To upgrade the Web UI to work in authenticated cases, it will be necessary to implement the algorithms noted above. In short:

  1. The Web UI will need to query the auth API endpoint for available authn methods.
  2. It should then pick an appropriate authn method, either by asking the user, choosing based on known available data (e.g. existing presence of a private key), or by picking the only available option.
  3. It should then run the authn flow for that type:
    • For challenge types, it will need a private key. It should probably generate and store one persistently rather than asking the user to upload theirs.
    • For ask types, it will need to parse the input JSON Schema and present a web form to collect the necessary authn credentials.
  4. Once it has successfully authenticated, it should persistently store the access token and add it to all subsequent API requests.

Addition of an external authentication type

This type will power future OAuth2/OIDC authentication. The principle is that:

  1. The type will specify a remote endpoint to redirect the user to. The CLI will open a browser to this endpoint (or otherwise advise the user to do this) and the Web UI will just issue a redirect to this endpoint.

  2. The user completes authentication at the remote service and is then redirected back to a supplied endpoint with valid credentials.

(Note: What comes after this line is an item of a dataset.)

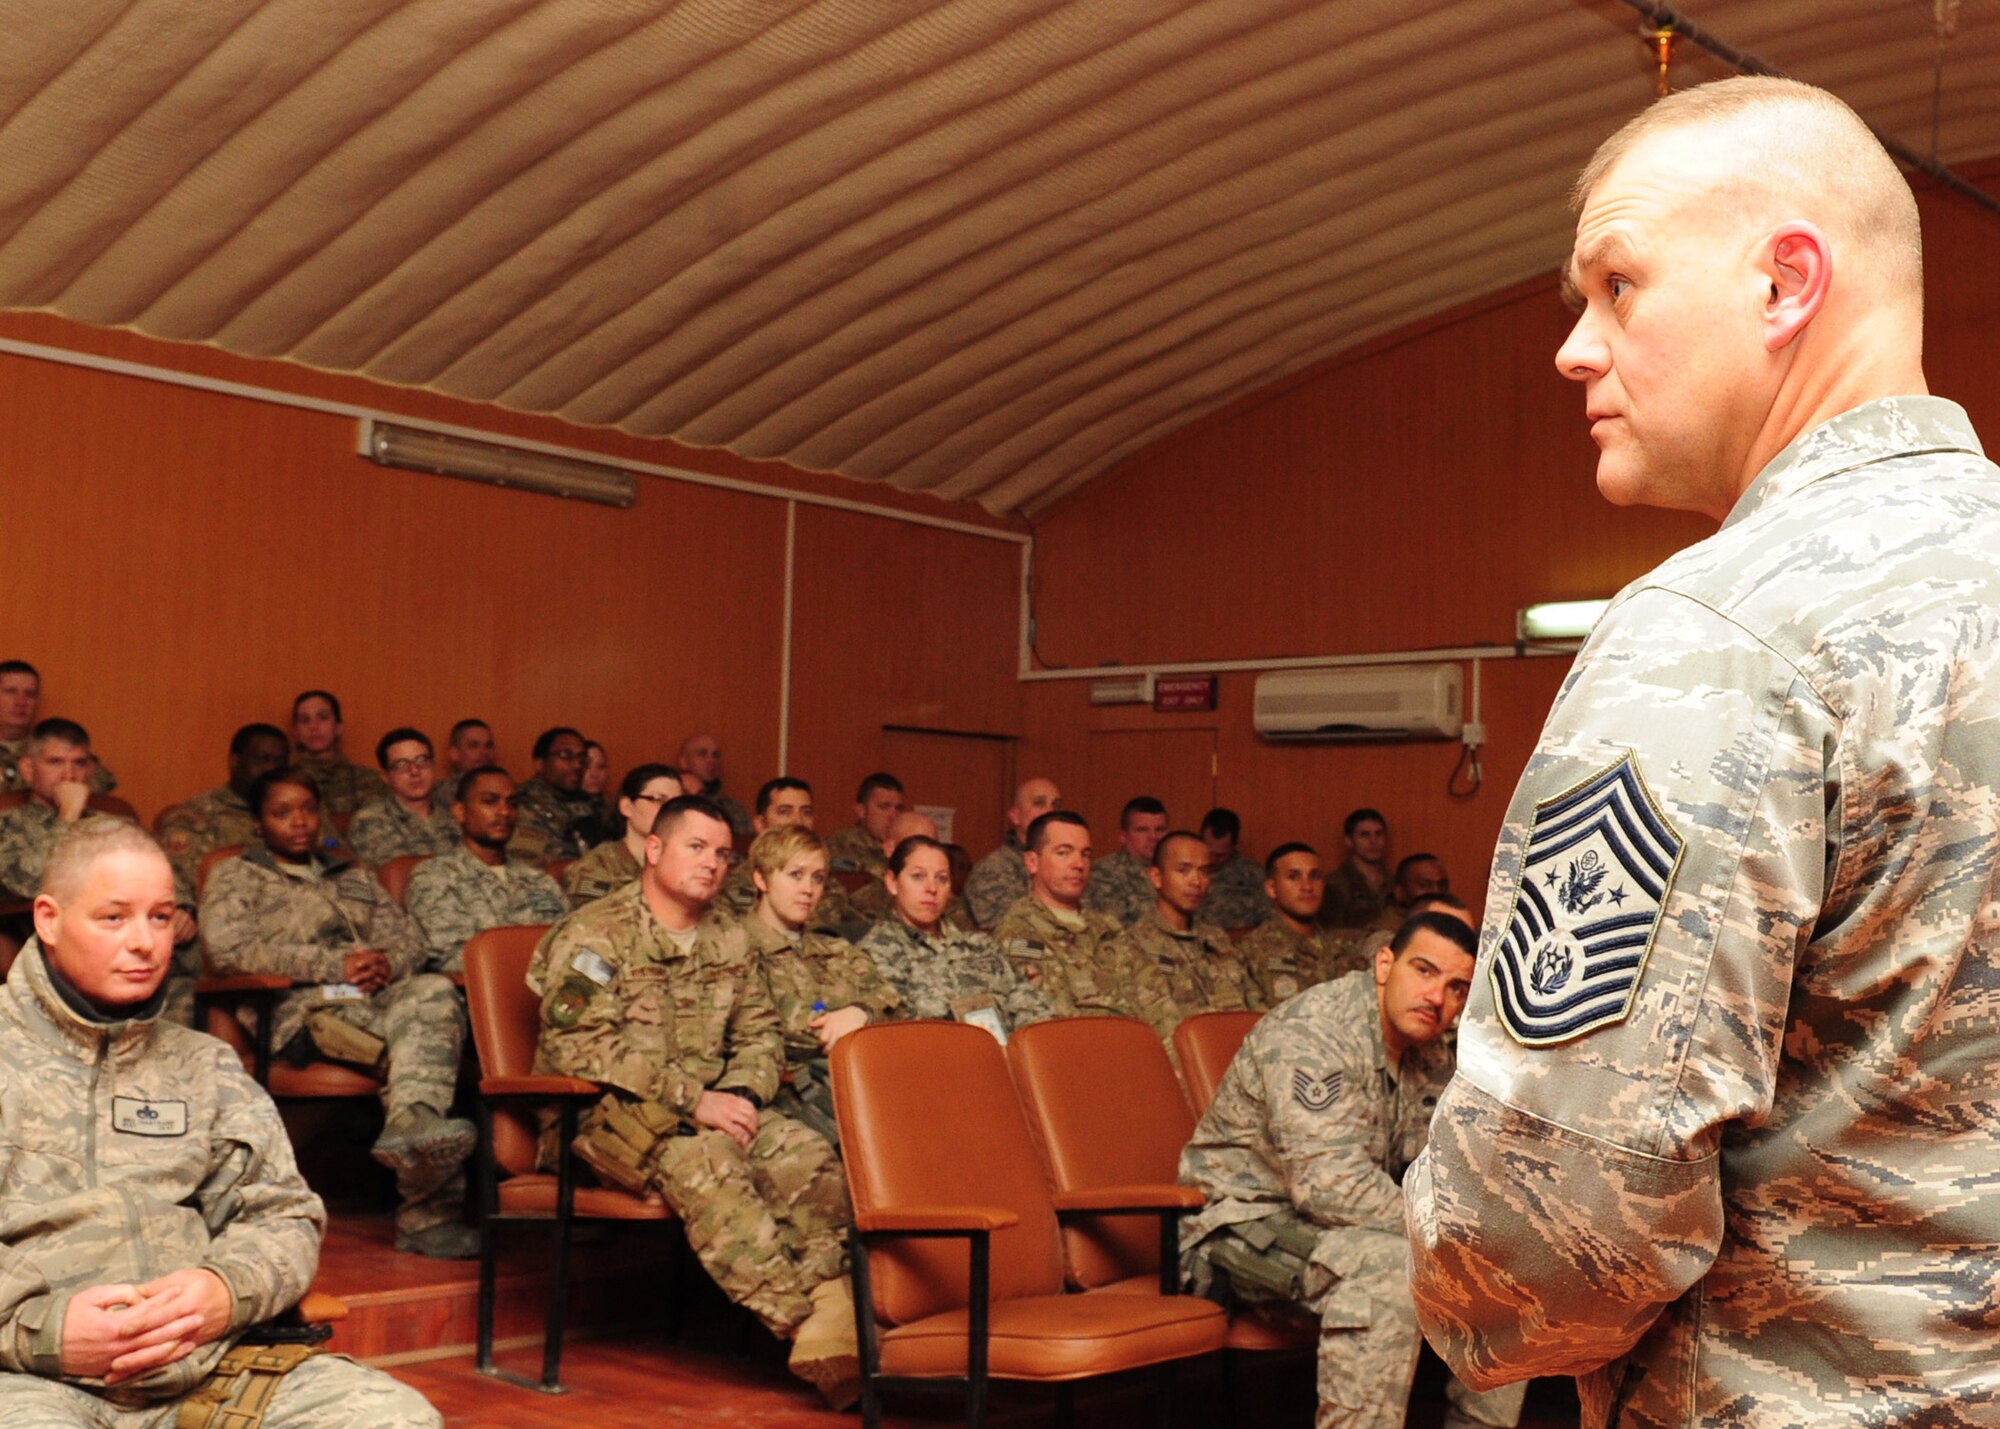 Members from the 438th Air Expeditionary Wing met with Chief Master Sgt. of the Air Force James A. Roy at Kabul International Airport, Afghanistan, Feb. 1, 2012. Roy discussed resiliency, leadership, budget cuts and educational benefits. (U.S. Air Force photo/Staff Sgt. Nadine Y. Barclay)

    The CLI may need to run a temporary web server to receive the redirect (this is how CLI tools like gcloud currently handle the OIDC flow). The Web UI will need to specify a redirect that it can subsequently decode credentials for.

    Also specified in the authentication method data will be any query parameters that the CLI/WebUI needs to populate with the redirect path. E.g. the specific OIDC scheme might specify the return location as a ?redirect url query parameter, and the authentication type should specify the name of this parameter.

  3. There doesn't need to be an optional step where the user exchanges the identity token they received from the remote auth server for a Bacalhau auth token. Instead, the system could just use the returned credential directly.

    However, this may be a beneficial step for mapping OIDC credentials into e.g. a JWT that specifies available namespaces. So there should probably be a step where the token received from the OIDC flow is passed to the authn method endpoint, and a policy has the chance to return a different token. In the basic case, it can check the validity of the token and return it unchanged.

  4. The returned credential will be a JWT or similar access token. The user agent should use this credential to query the API as above. The authz policy should be configured to recognize these access tokens and apply authz control based on their content, as for the other methods.